Summary A review of the use of measurement while drilling (MWD), logging while drilling (LWD), and directional drilling (DD) tools mobilized to offshore drilling units in the North Sea highlighted an opportunity to lower operational cost for the operator and reduce capital used for the oilfield services company. An objective was set to develop a risk-based probability model that would assess the positive and negative financial impacts of reducing, or perhaps entirely removing, backup tools in this historically risk-averse basin. The scope of the initial analysis was a drilling campaign on a single rig contracted by the operator (Rig A). This analysis was then extended to review scenarios in which several operations in close proximity would share backup tools. The last 3 years of MWD/LWD/DD tool reliability data from North Sea operations, recorded by the oilfield services company, were used as an input. To assess the probability of failure, a binomial model was developed to create a binomial distribution for each tool to calculate the probability of having zero to X failures for a selected tool or bottomhole assembly (BHA) for a given number of runs. Three binomial models were developed to study the effect of “easy,” “moderate,” and “challenging” drilling environments on tool reliability.
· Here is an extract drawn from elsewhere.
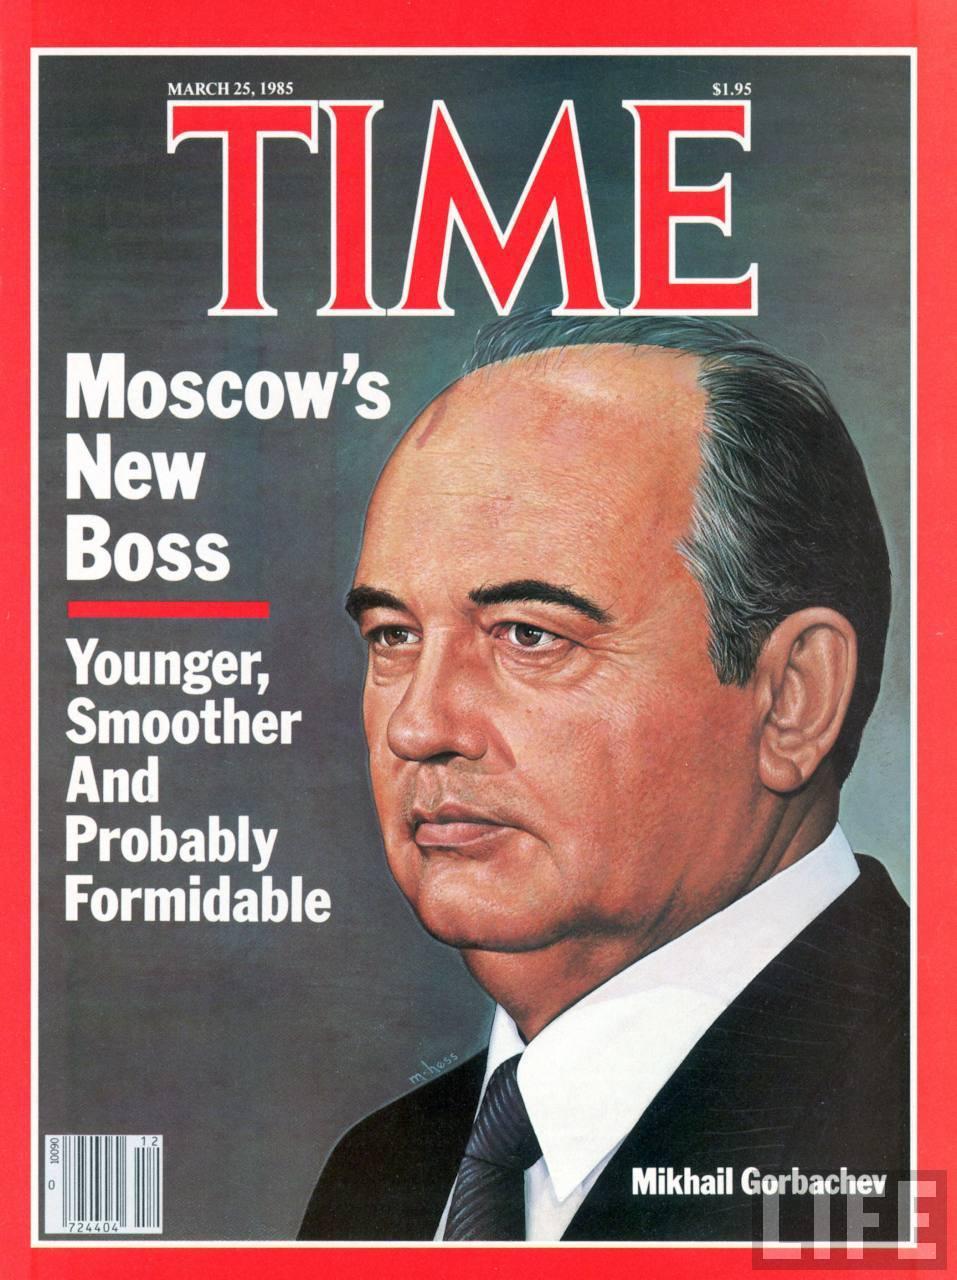 gorbachev1.jpg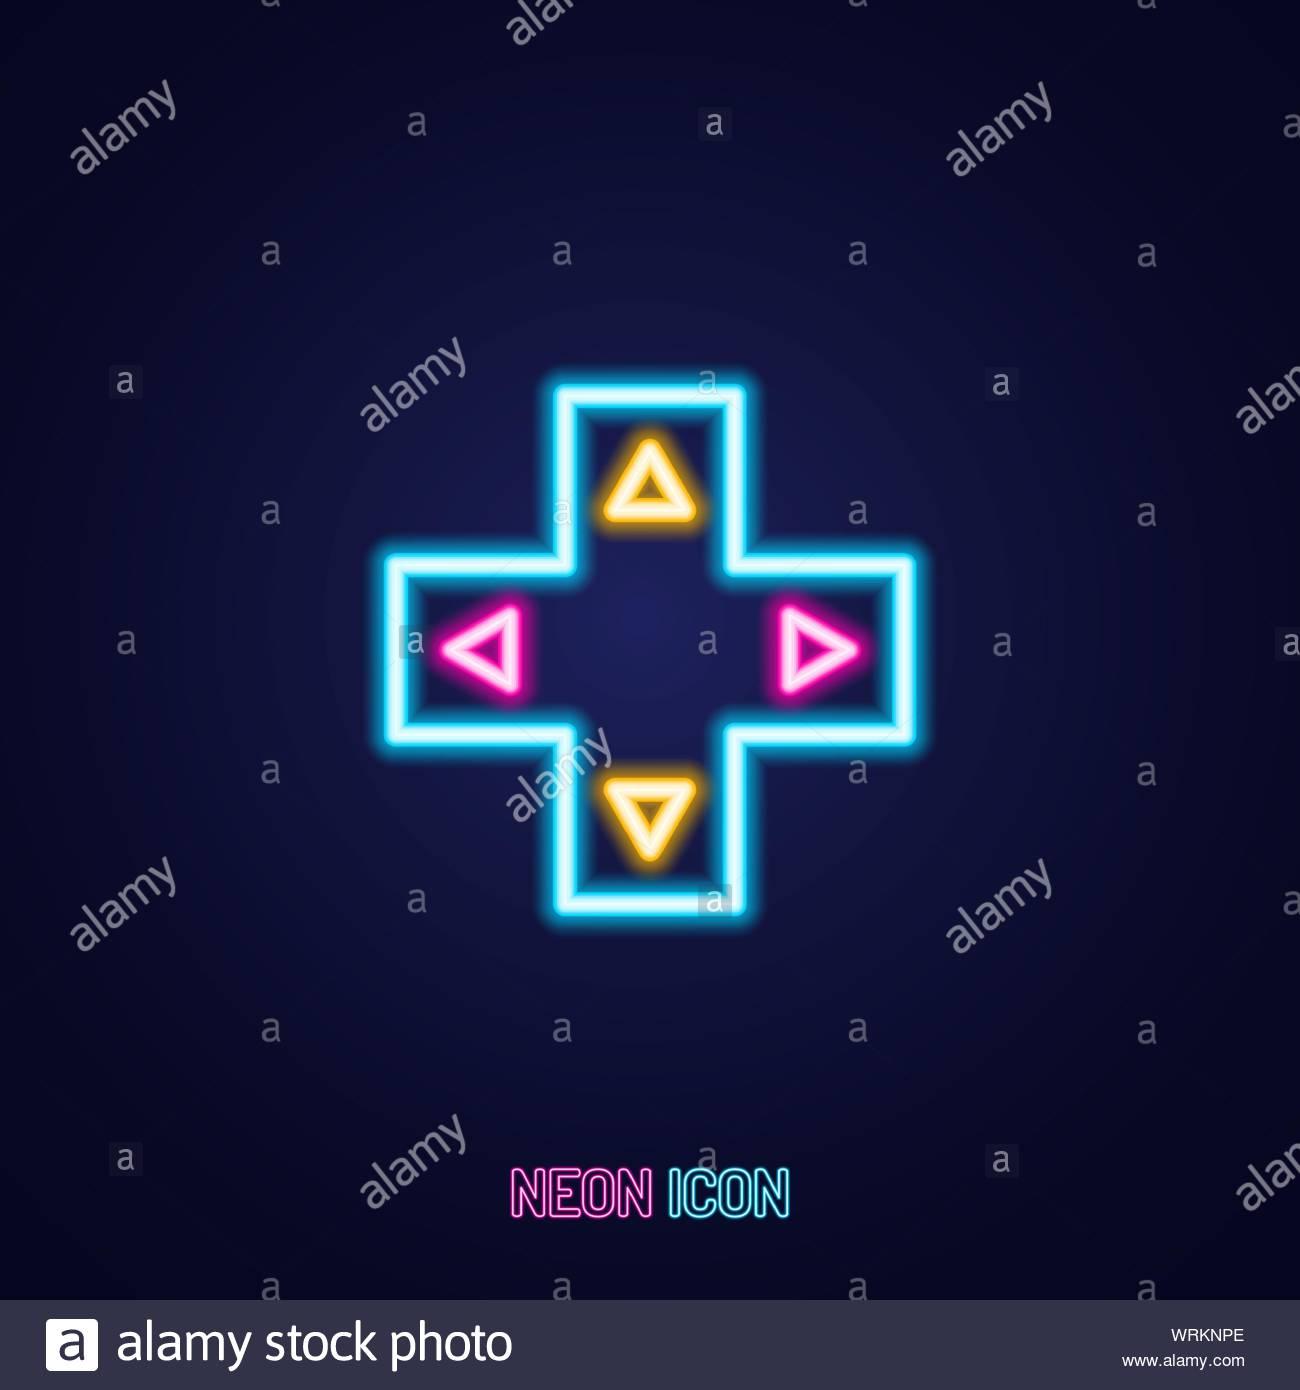 arrow joystick simple luminous neon outline colorful icon on blue 1300x1390

A financial risk model was designed to balance the probability-weighted cost of failure for the operator against the lower costs resulting from reduced tool provision by the oilfield services company. To better estimate risks and financial impacts on the project, a sensitivity analysis was performed on the financial risk model using the three binomial models. As a result of the analysis, it was demonstrated that recent improvements in tool reliability support a reduction in the provision of backup MWD/LWD/DD drilling tools for the majority of North Sea drilling scenarios.

2021 ◽  
Author(s):  
Steven Johannesen ◽  
Thomas Lagarigue ◽  
Gordon Shearer ◽  
Karen Owen ◽  
Grant Wood ◽  
...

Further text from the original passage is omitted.